3.3.2 Results on AU Microscopii

We applied the same procedure to the case of AU Mic, but without performing the initial inversion with starsim. Instead, we used the stellar parameters as introduced in Table 1, the original time sampling containing 37 data points, and randomised spot maps as introduced in Sect. 2.3.

For this experiment, we created 400 000 new starsim simulations calculating RV, BIS, and FWHM, and we include again the observational errors (see Table 2) into the time series since it has been shown that it results in lower RV RREs. We then train our NN for 50 training epochs as before and reach an RV RRE of 10% for the test set. This is essentially the same value as in the previous test. We show the RV observations and the NN output in the top panel of Fig. 10. In the bottom panel, we show the periodograms of those two time series and add in green the periodogram of the difference.

As opposed to the expectations from all previous experiments, the inclusion of the CON index produced very poor performances when applied to the real data.
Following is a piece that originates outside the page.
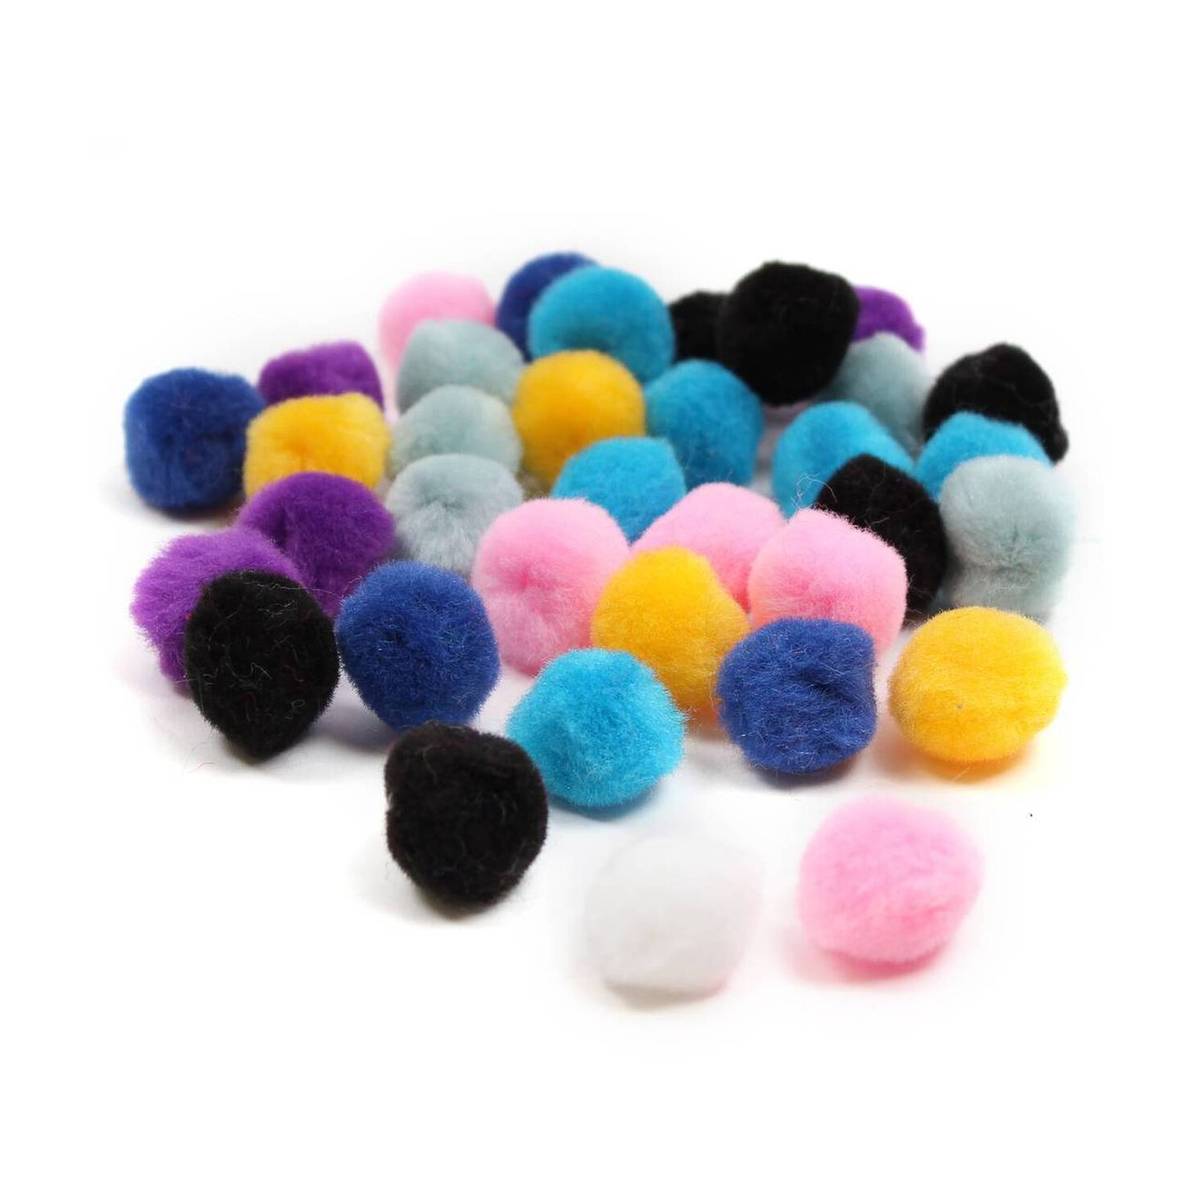  Very Large Assorted Pom Poms for DIY Creative Crafts  Decorations, Assorted Colors (50Pack 2.5 Inch) : Arts, Crafts & Sewing

After a close examination of the CON measurements and corresponding periodograms (see Fig. 2) it is clear that they do not contain the same characteristic periodicities as the other indices, or the RV. We attribute this to the fact that CON measurements from CARMENES are affected by additional noise sources not included in the simulations, including instrumental and astrophysical effects. For example, CON measurements are very sensitive to the continuum determination (and corresponding line-depths of the lines). Therefore, the source of this systematic error might be instrumental (e.g. change in the instrumental setup such as using simultaneous calibration lamps, sky background contribution, change in gain in the detector), but it could also be associated with astrophysical phenomena causing changes in the spectral continuum. For these reasons, we only use the BIS and FWHM indices for the performance analysis on real observations of AU Mic.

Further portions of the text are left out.